In this suit against officials of the Michigan Department of Corrections and the Michigan Parole Board, plaintiff challenged the constitutionality of a policy which allowed for the calculation of parole eligibility of Michigan prisoners presently serving concurrent federal sentences. Because no similar policy existed for out-of-state prisoners with concurrent Michigan sentences, such as the plaintiff, he alleged that he was being denied equal protection. He sought declaratory and injunctive relief as well as compensatory and punitive damages.

3

The magistrate recommended that defendants' motion to dismiss be granted, concluding that plaintiff lacked standing to challenge the policy applied to federal prisoners, citing Warth v. Seldin, 422 U.S. 490, 498-99 (1975).

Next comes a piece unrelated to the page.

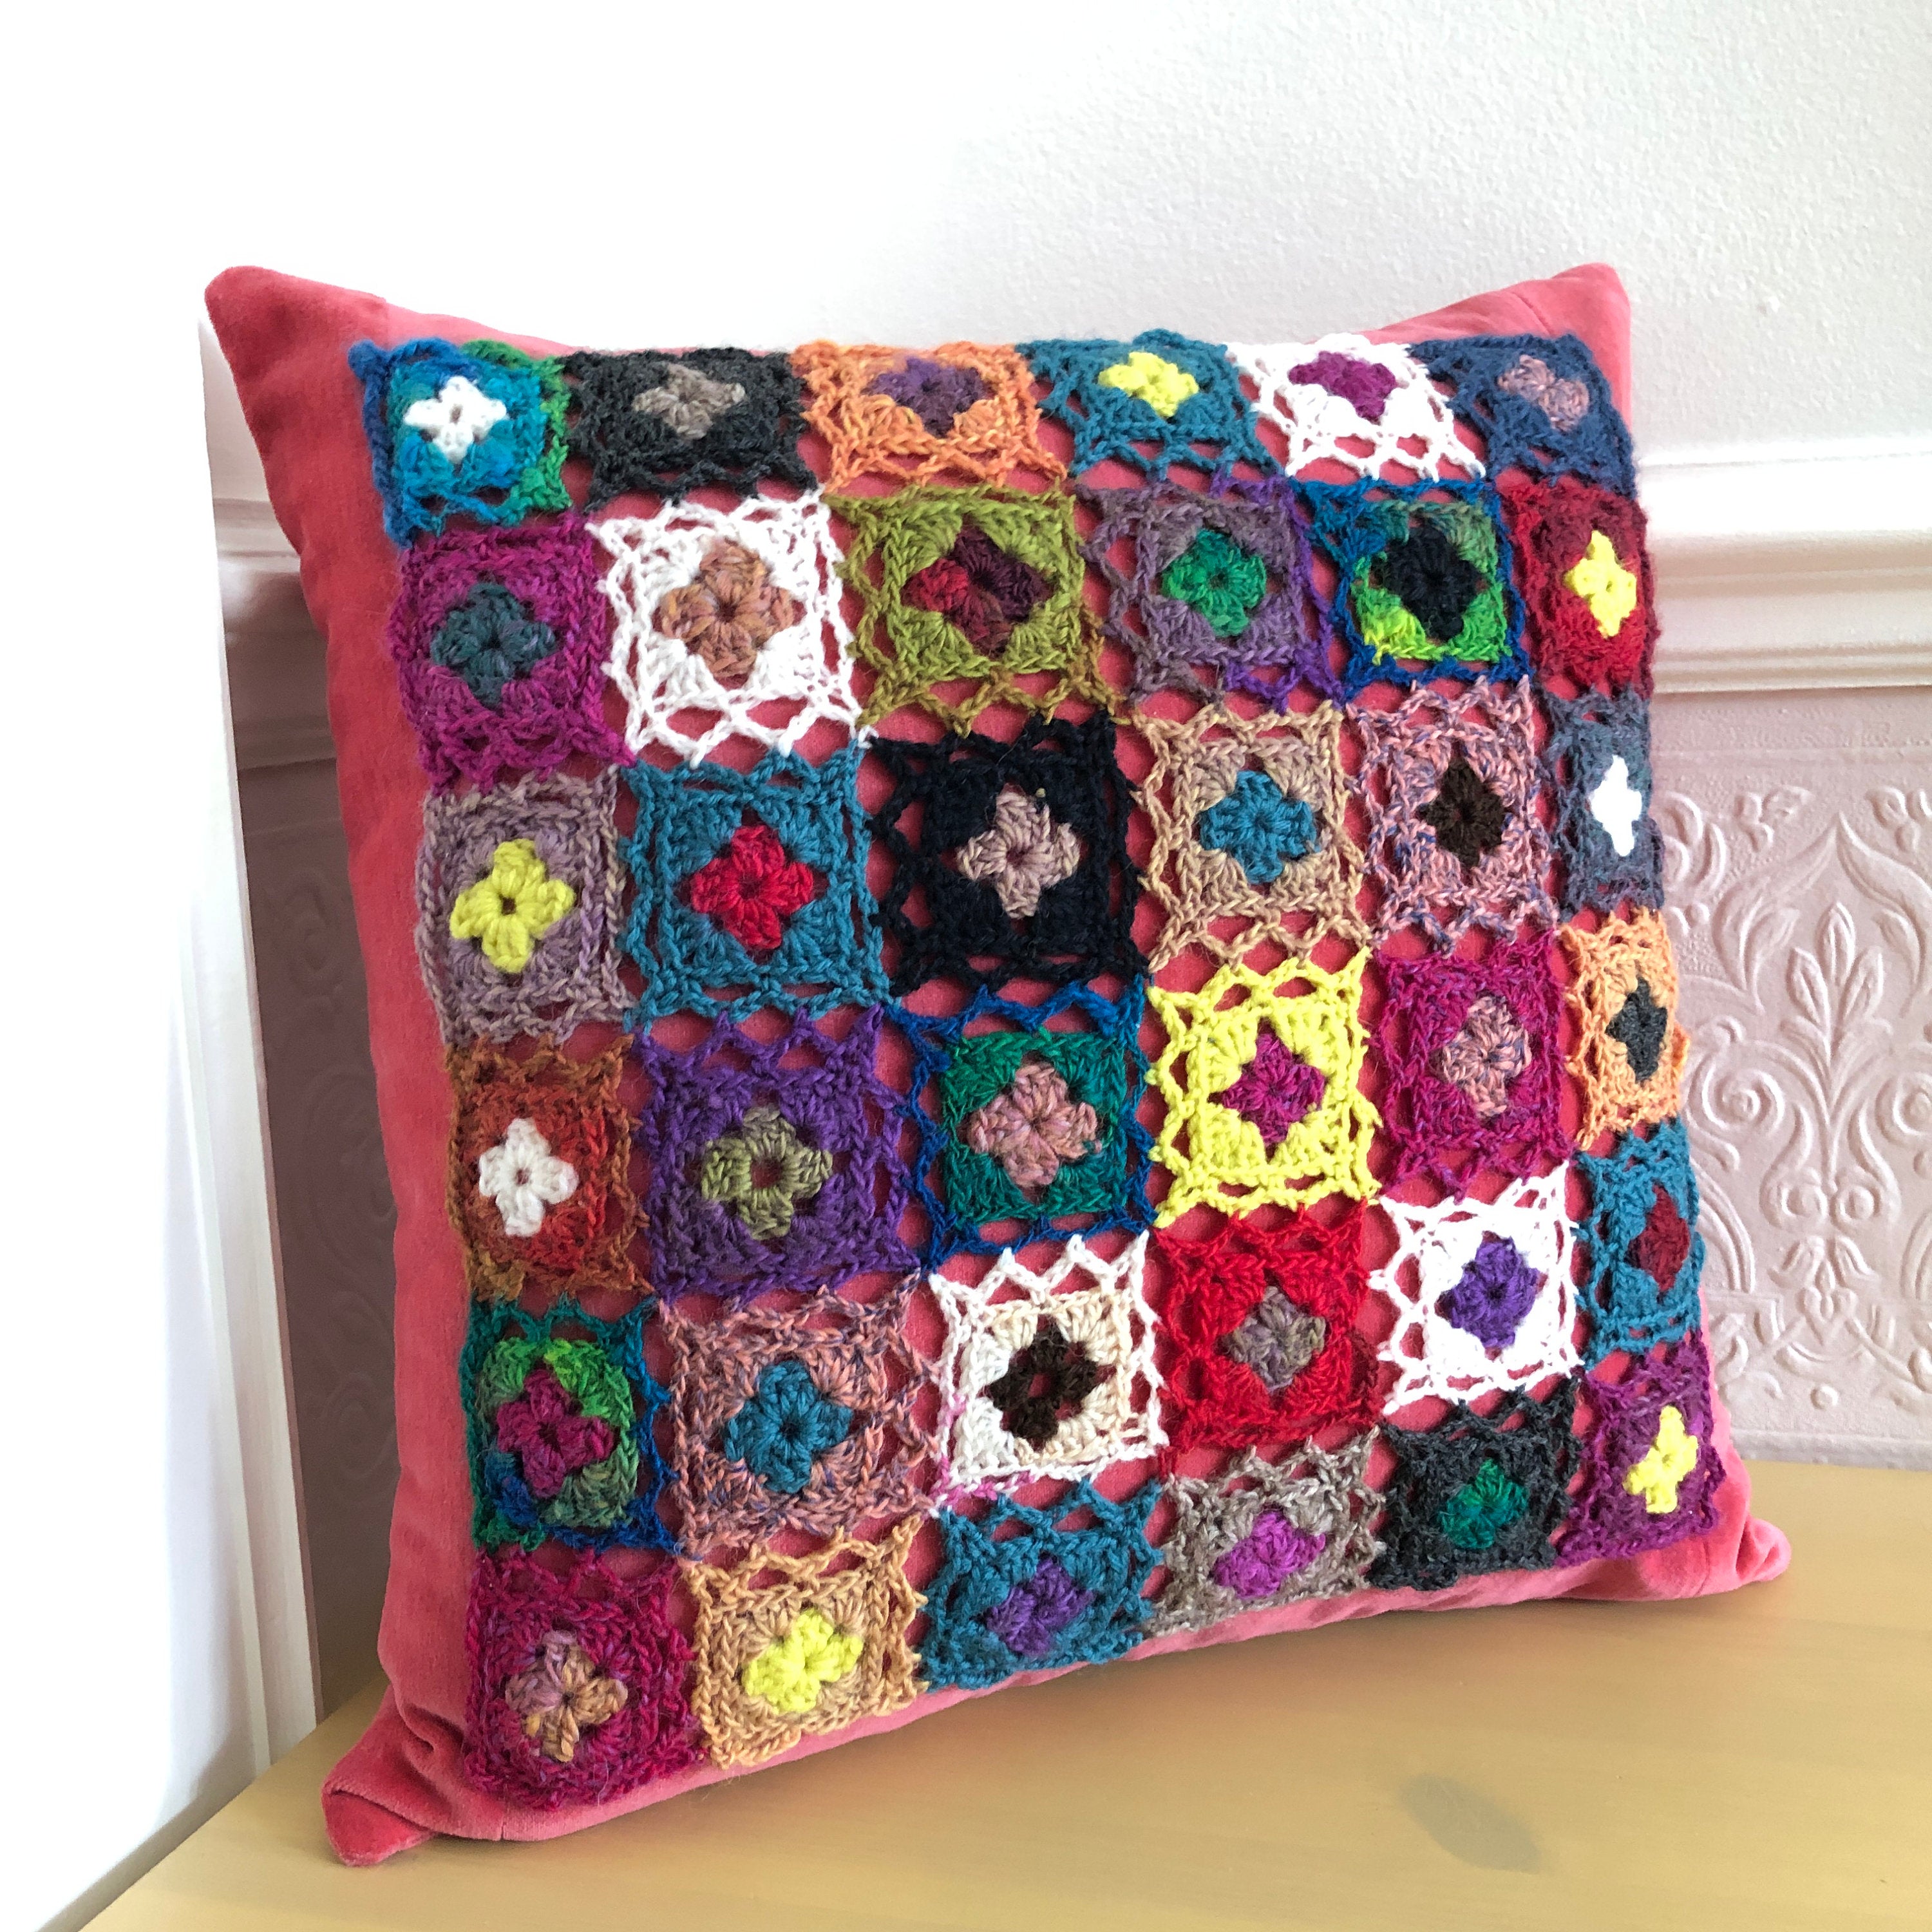 Pillow Cover with Crocheted Decor

It was also concluded that plaintiff had not sustained the burden of proving that the policy in question was not rationally related to a legitimate state interest. See Minnesota v. Clover Leaf Creamery Co., 449 U.S. 456, 464 (1981). The district court adopted this recommendation over plaintiff's objections.

4

Upon consideration, we conclude that dismissal of this action was proper, as plaintiff could prove no set of facts which would entitle him to relief. Conley v. Gibson, 355 U.S. 41, 45-46 (1957). Accordingly, we affirm the district court's judgment for the reasons stated in the magistrate's report and recommendation and as adopted by the district court. Rule 9(b)(5), Rules of the Sixth Circuit.